### INFORMATION SUPPLIED
★ ★ ★ ★ ★

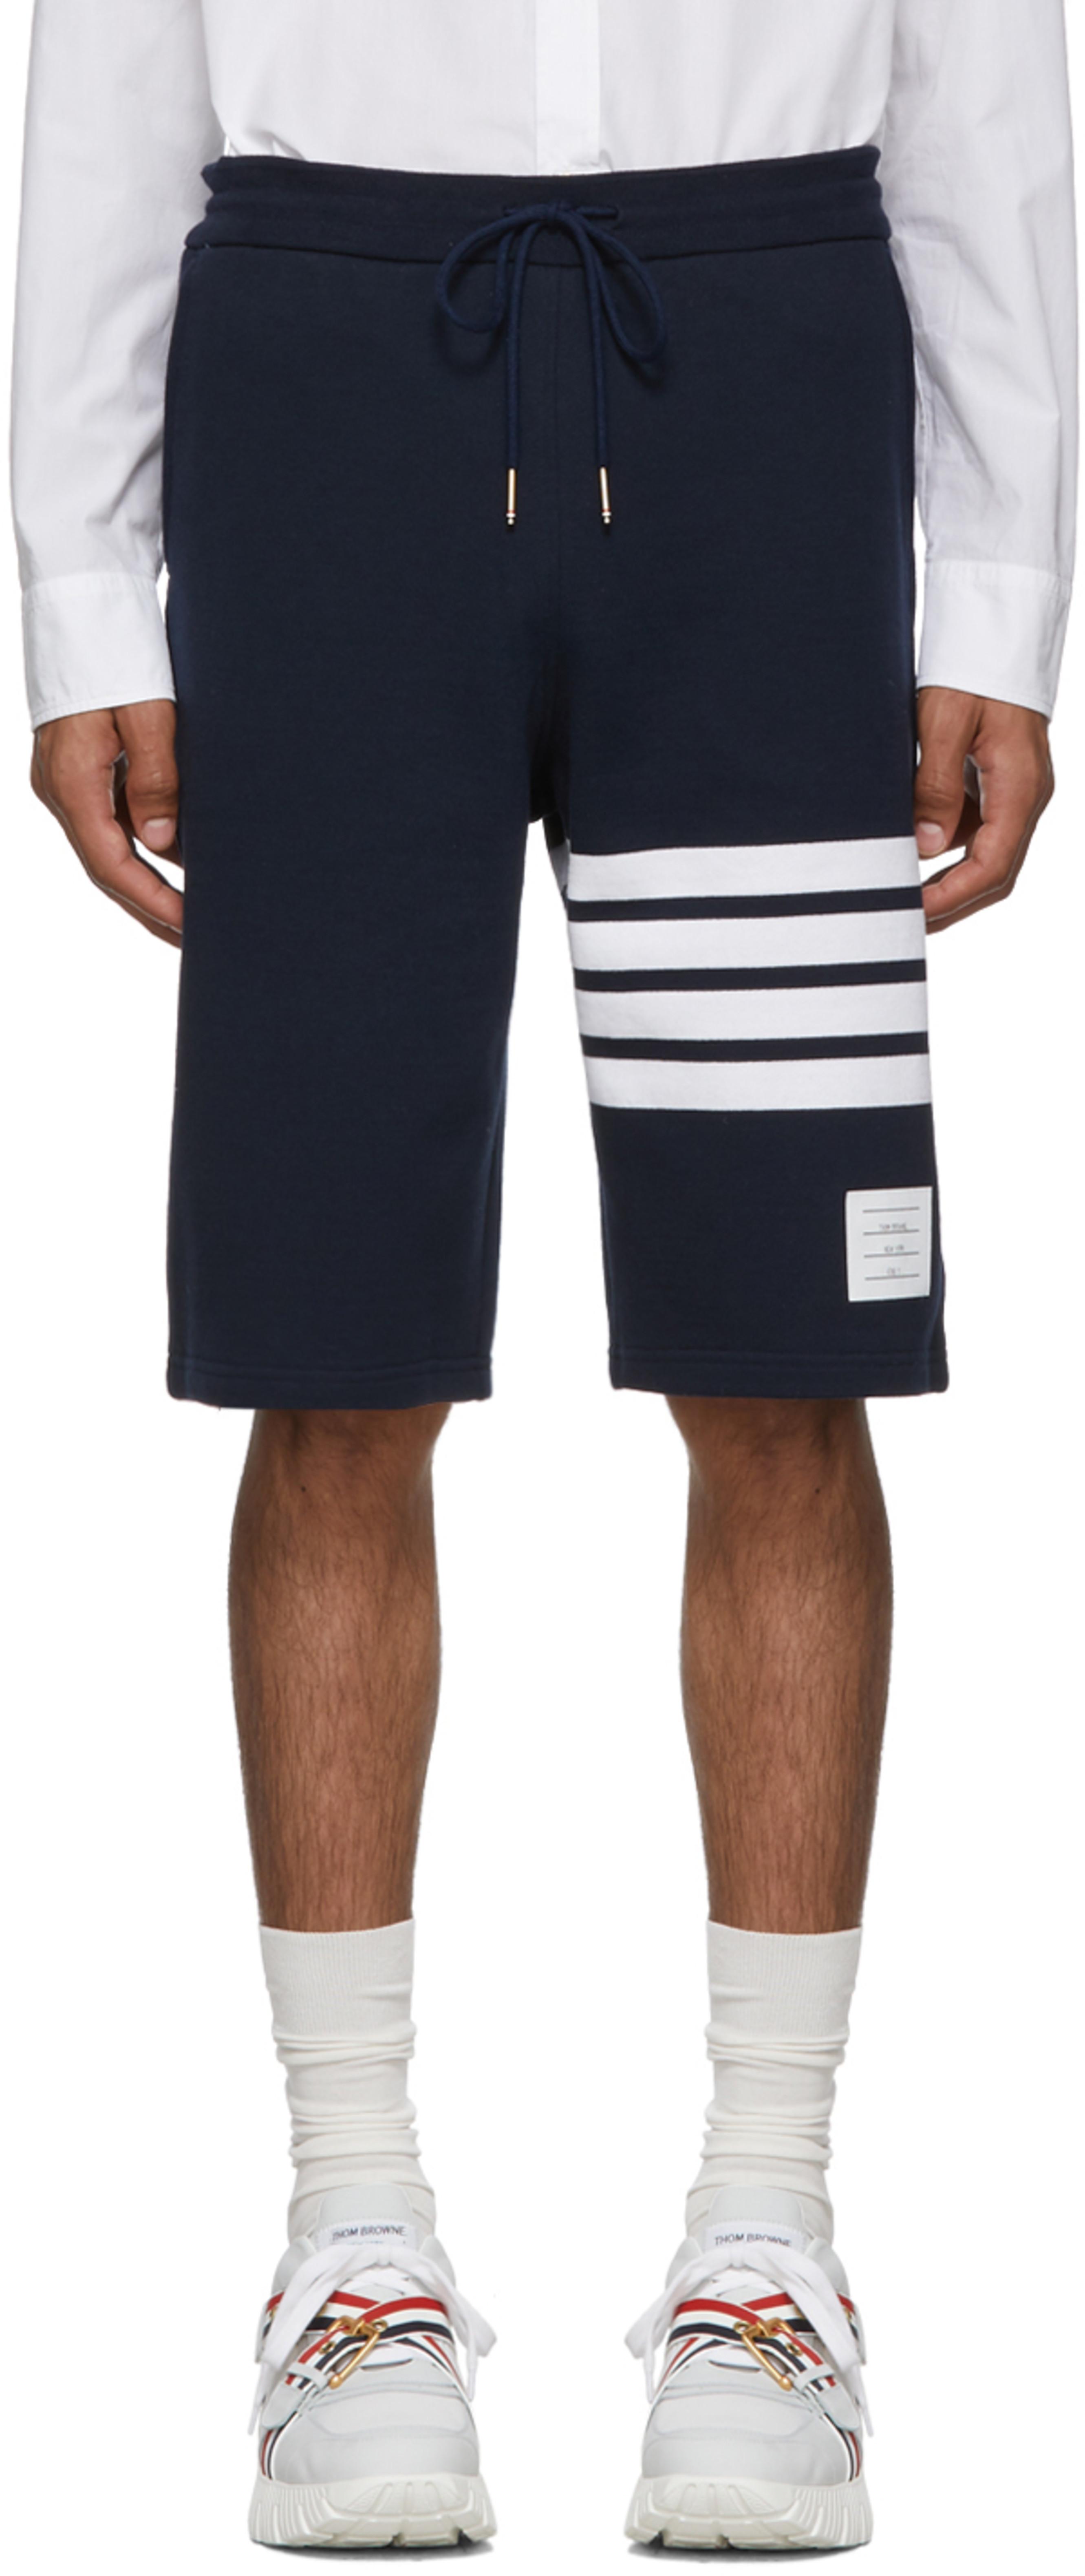 De 4 Survêtement Classic Short Bleu Marine Bar rCodxBe
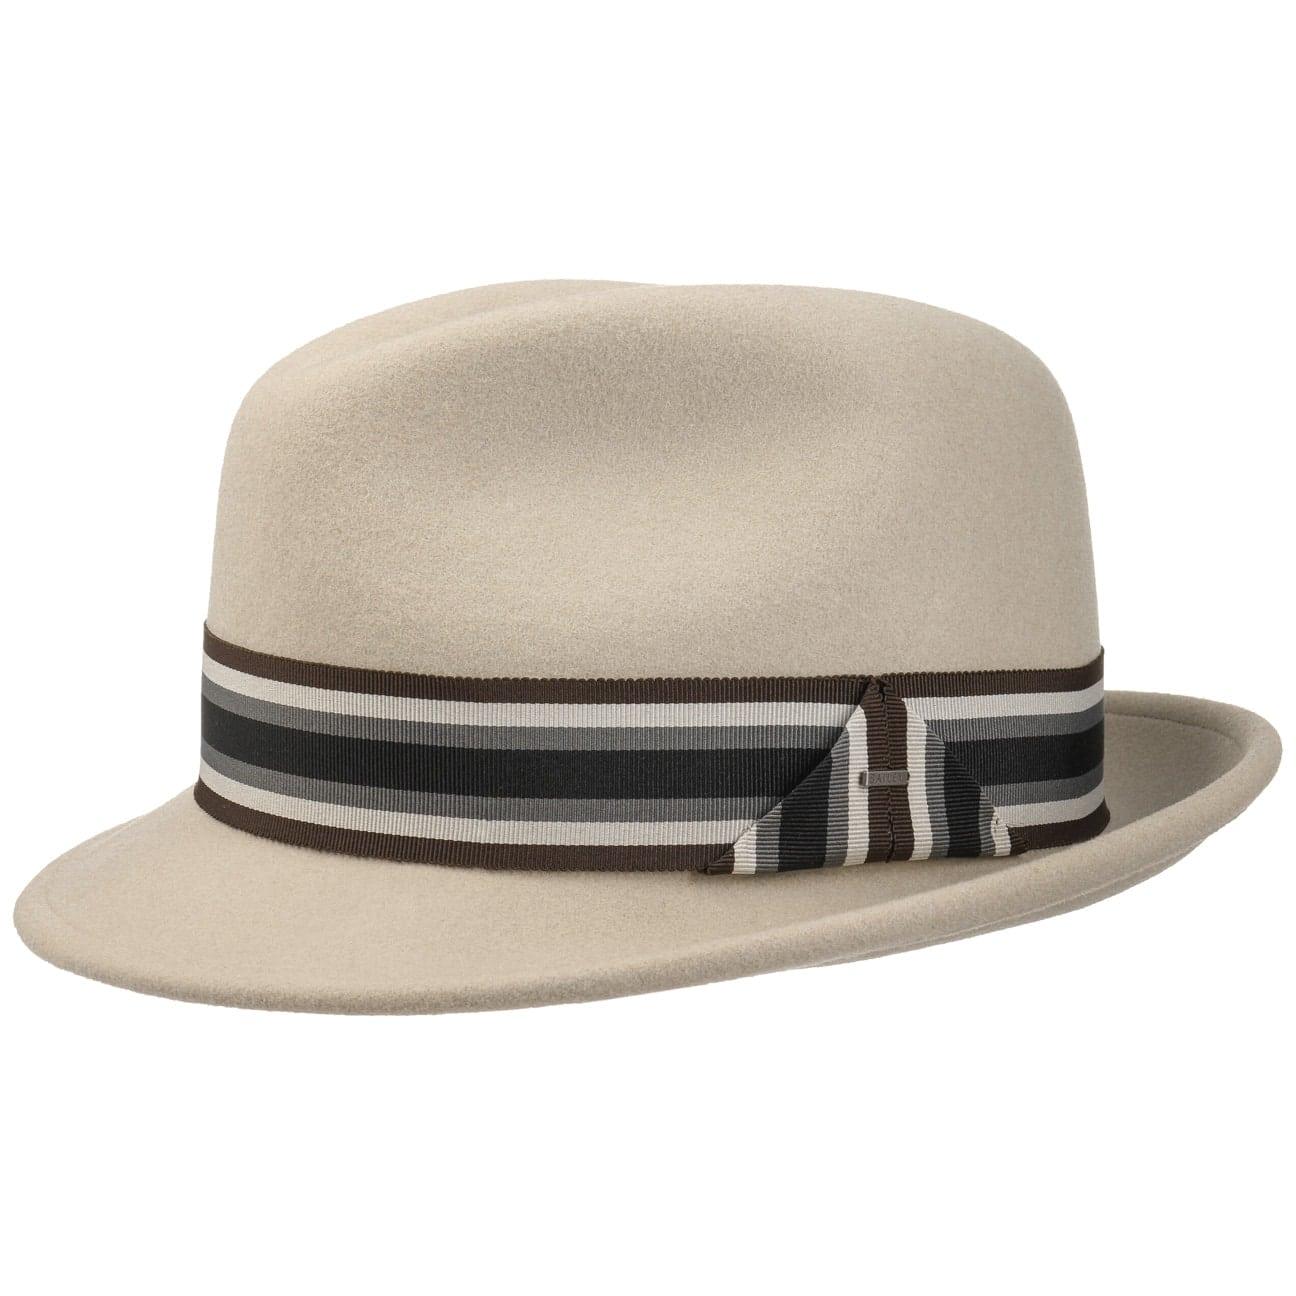 Sombrero Goldring by Bailey of Hollywood  sombrero de hombre
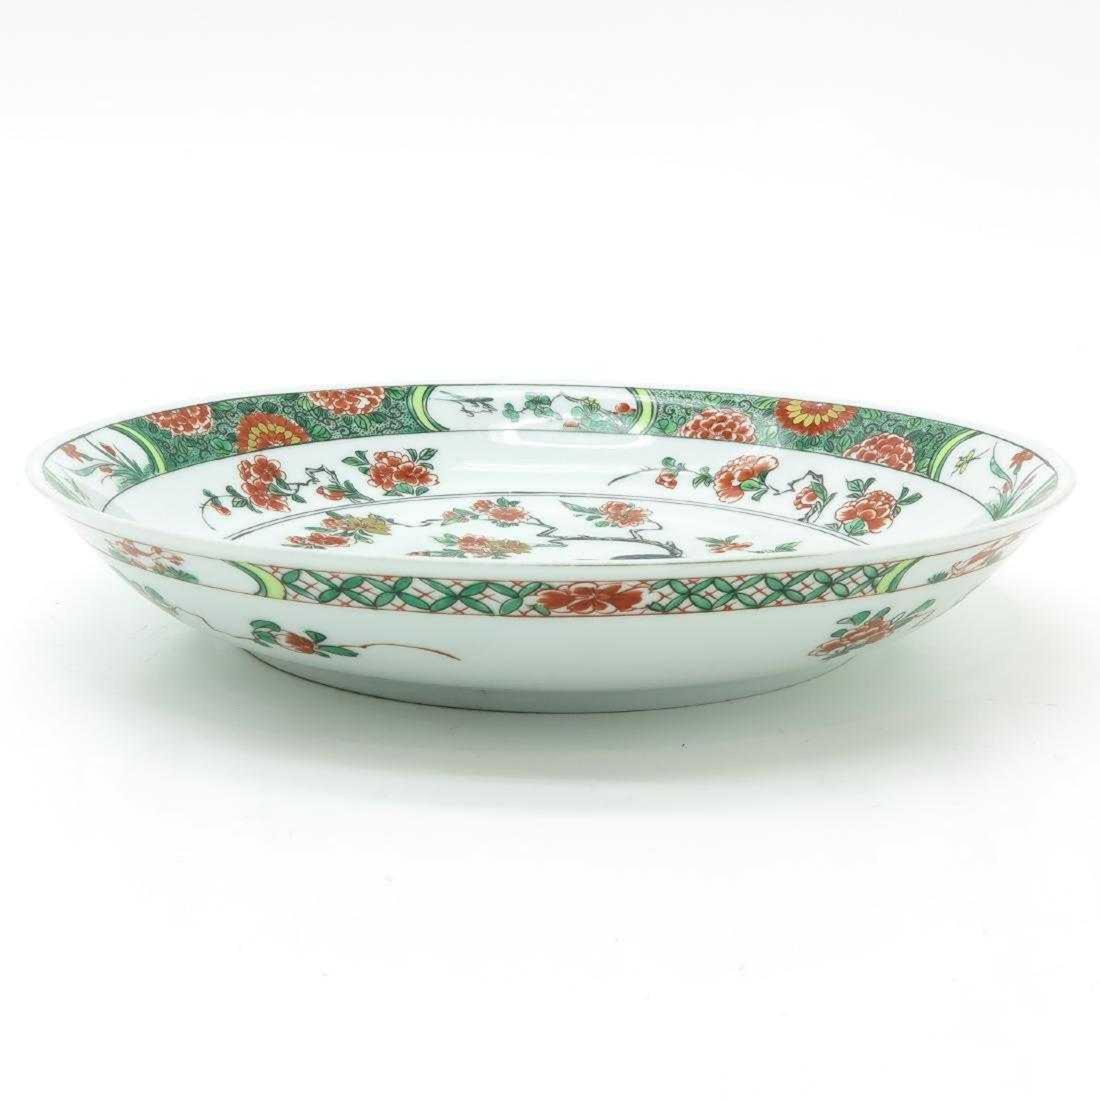 Polychrome Decor Porcelain Plate - 3

★ ★ ★ ★ ★

### TASK TO COMPLETE
The output should be the material above, copied exactly, without its pictures.

### RESULT OF THIS TASK
 De 4 Survêtement Classic Short Bleu Marine Bar rCodxBe
 Sombrero Goldring by Bailey of Hollywood  sombrero de hombre
 Polychrome Decor Porcelain Plate - 3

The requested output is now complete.